> _Records shown_
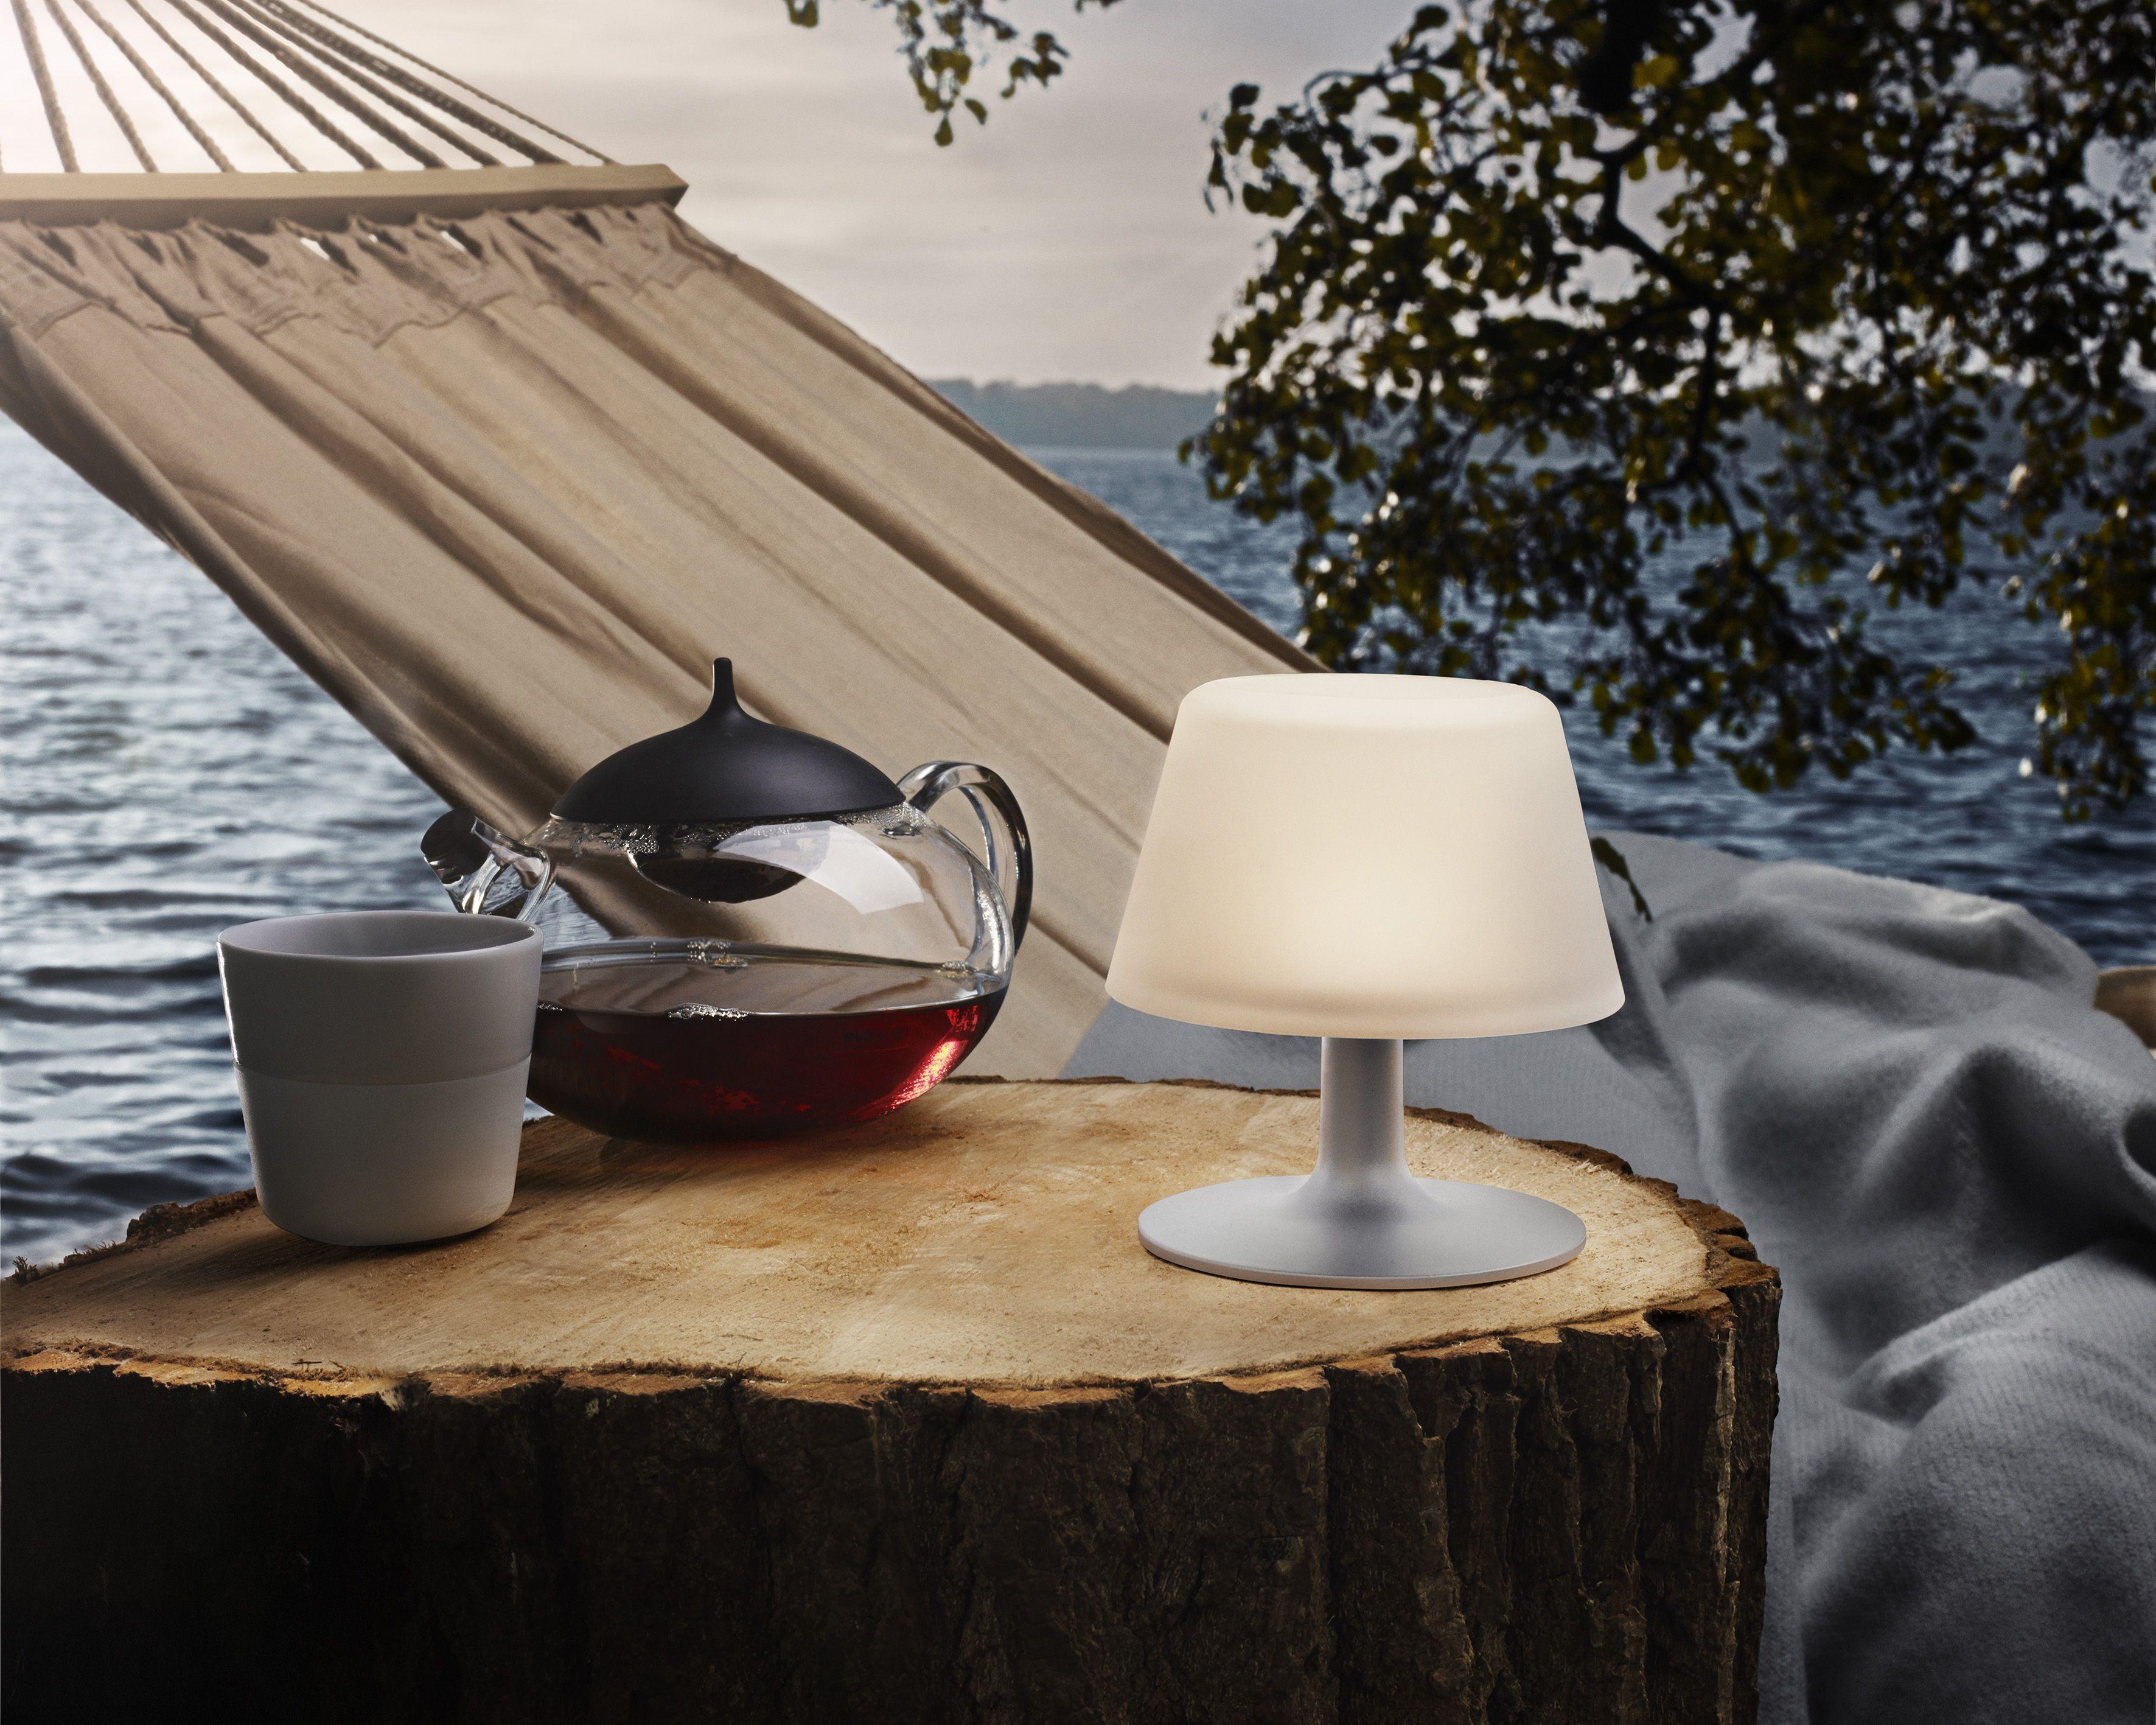 bff3c2e5b35afbf598d97e83176453e9 Résultat Supérieur 60 Luxe Lampe De Table Sans Fil Photos 2018 Kdh6
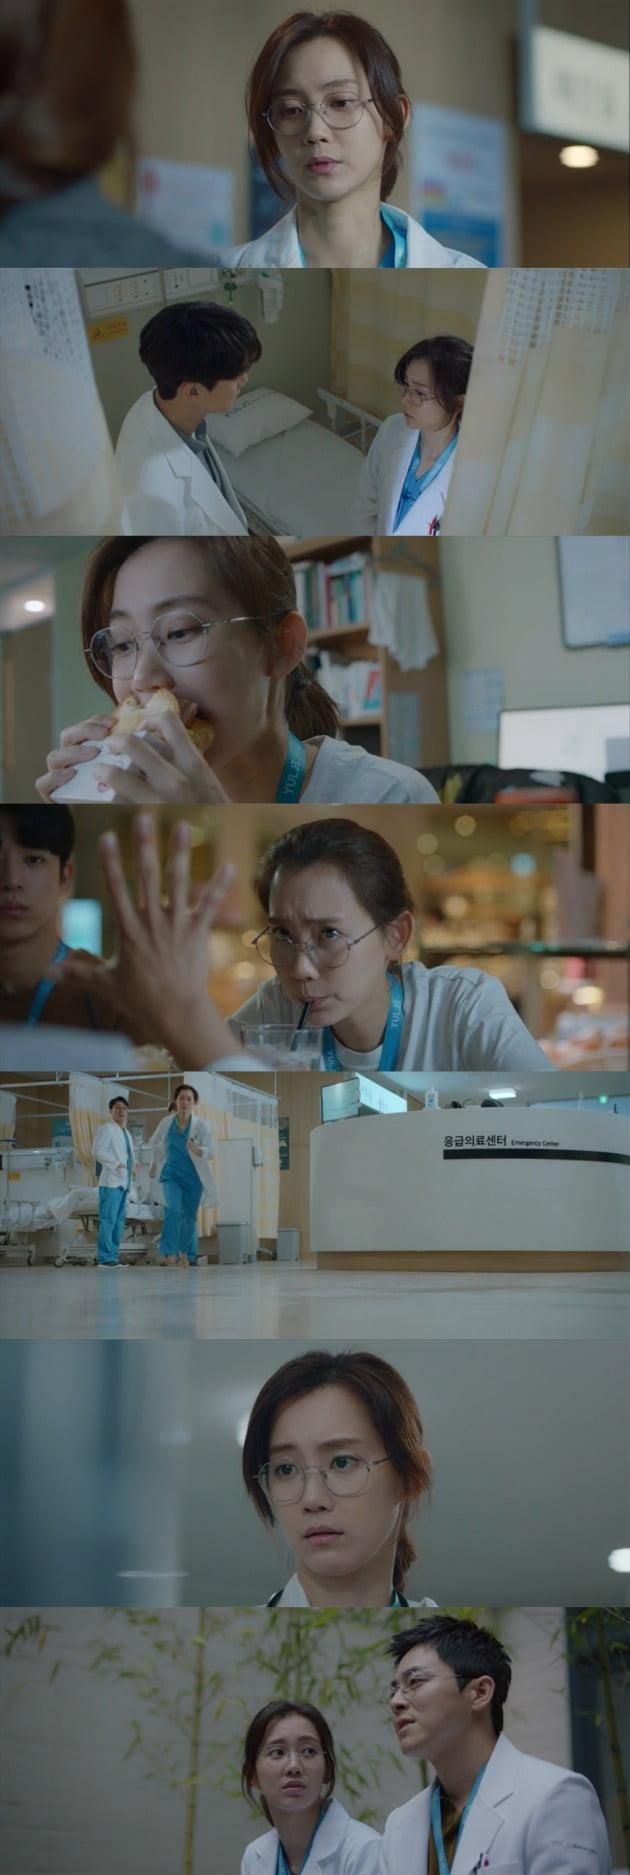 배우 신현빈이 '슬기로운 의사생활'에서 다채로운 매력을 선보이고 있다. / 사진=tvN 방송 캡처
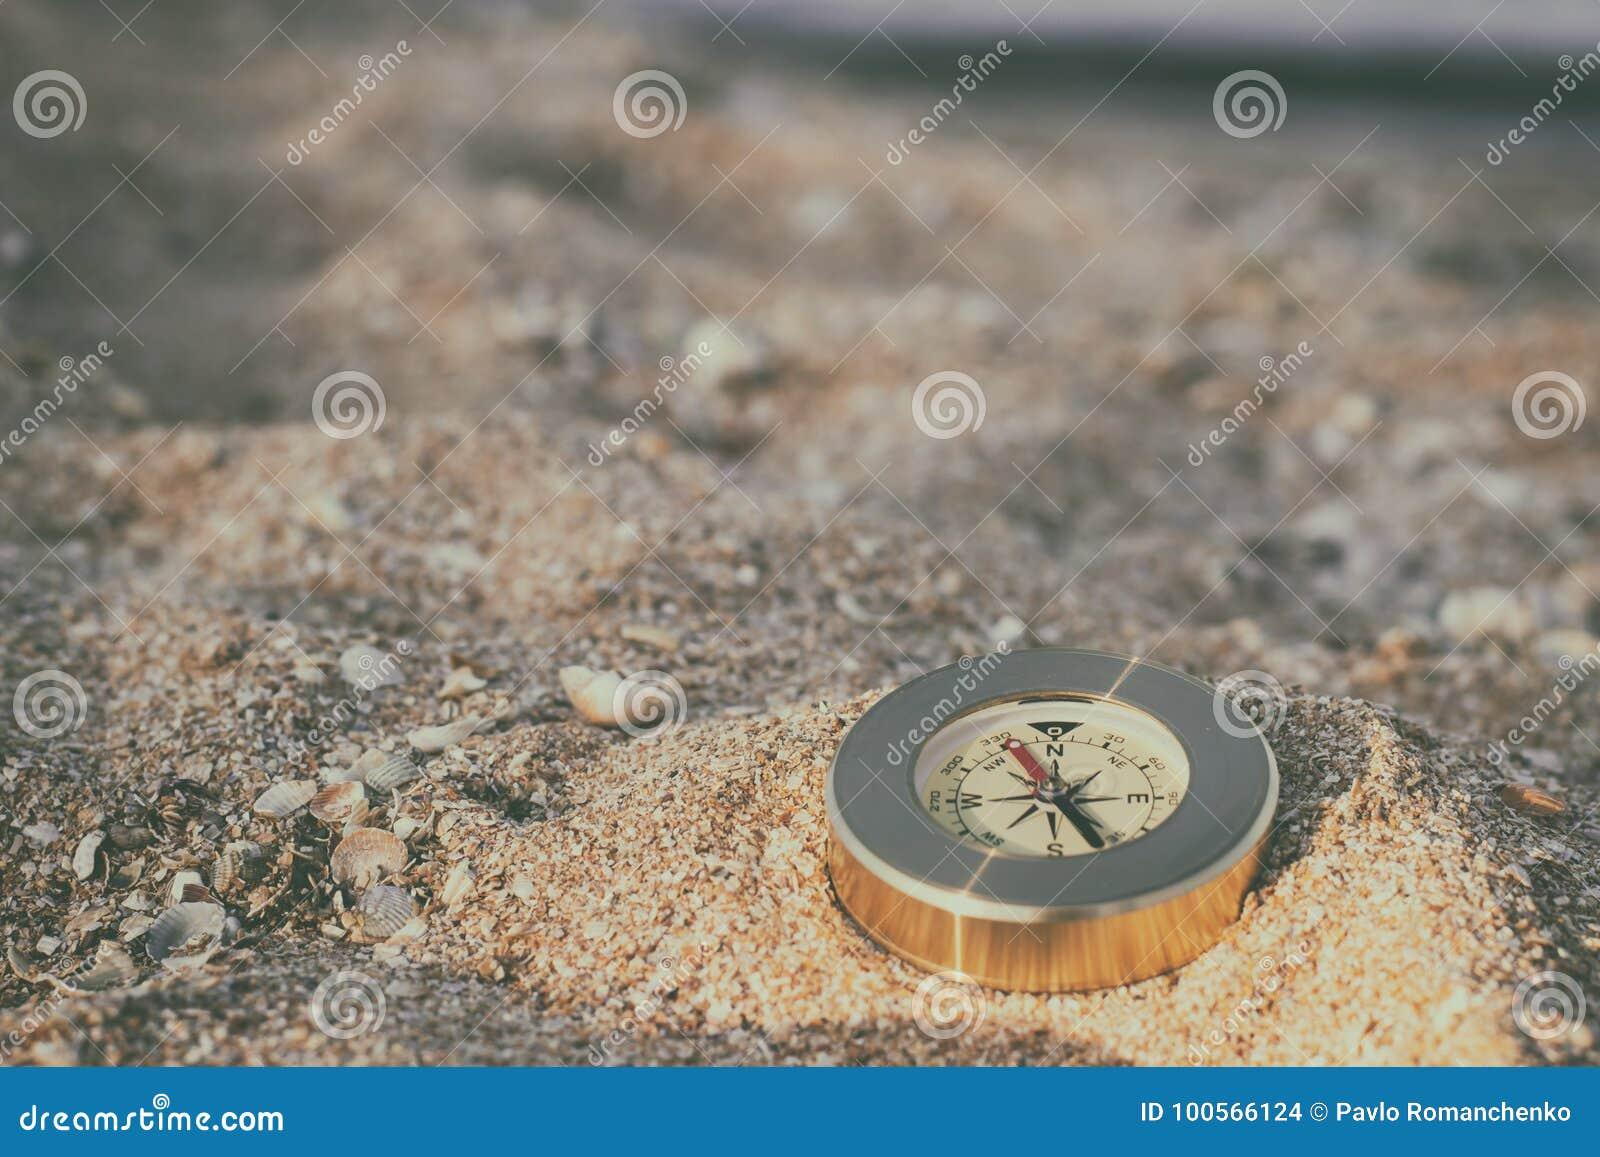 En kompass som visar riktningen, ligger på havssanden med skal
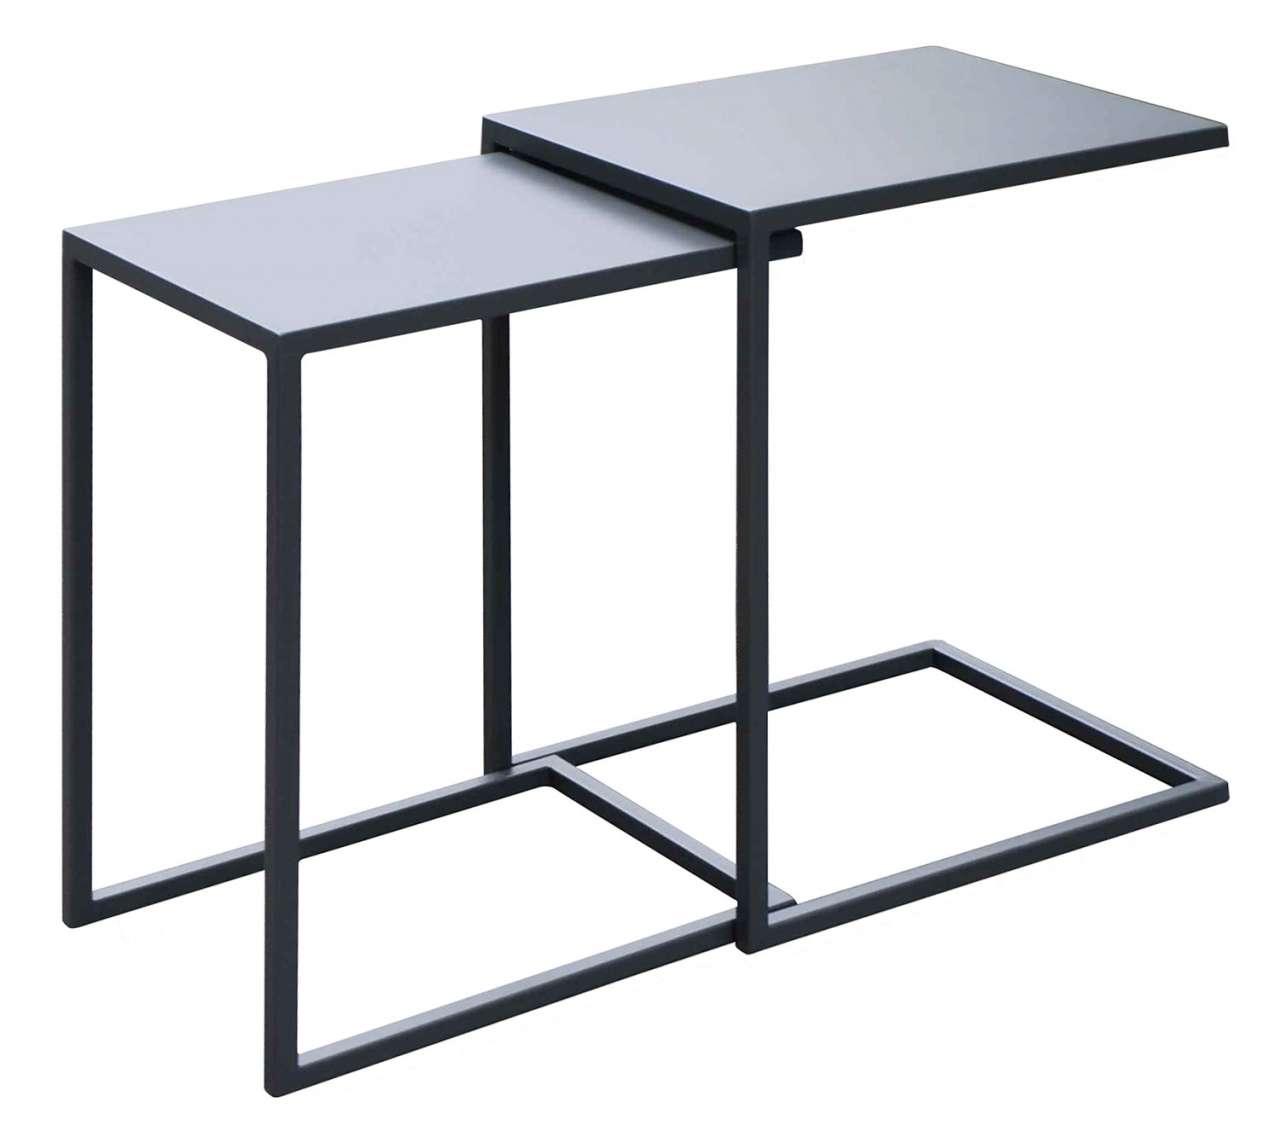 moebel-jack.de Garten-Beistelltisch, 2-tlg. Grau, Aluminium, Universal
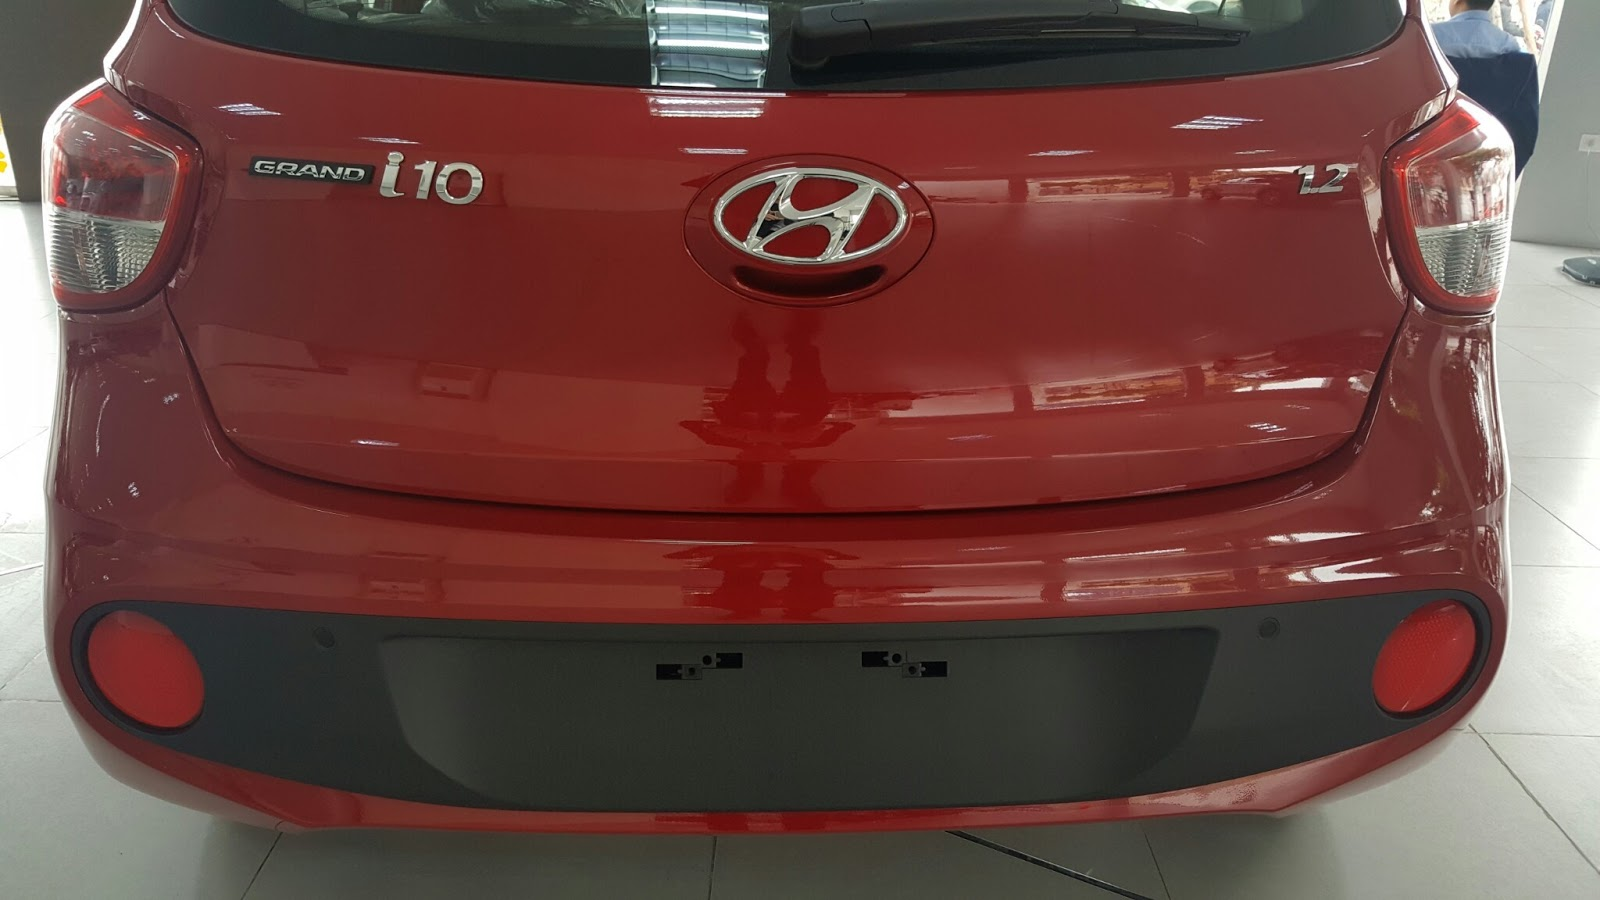 Xe Hyundai Grand i10 Hatchback 5 Cửa Màu Đỏ 011

> _Work to be completed_
Write out the data above in full and exactly, but without the pictures.

> _Answer space_
 bff3c2e5b35afbf598d97e83176453e9 Résultat Supérieur 60 Luxe Lampe De Table Sans Fil Photos 2018 Kdh6
 배우 신현빈이 '슬기로운 의사생활'에서 다채로운 매력을 선보이고 있다. / 사진=tvN 방송 캡처
 En kompass som visar riktningen, ligger på havssanden med skal
 moebel-jack.de Garten-Beistelltisch, 2-tlg. Grau, Aluminium, Universal
 Xe Hyundai Grand i10 Hatchback 5 Cửa Màu Đỏ 011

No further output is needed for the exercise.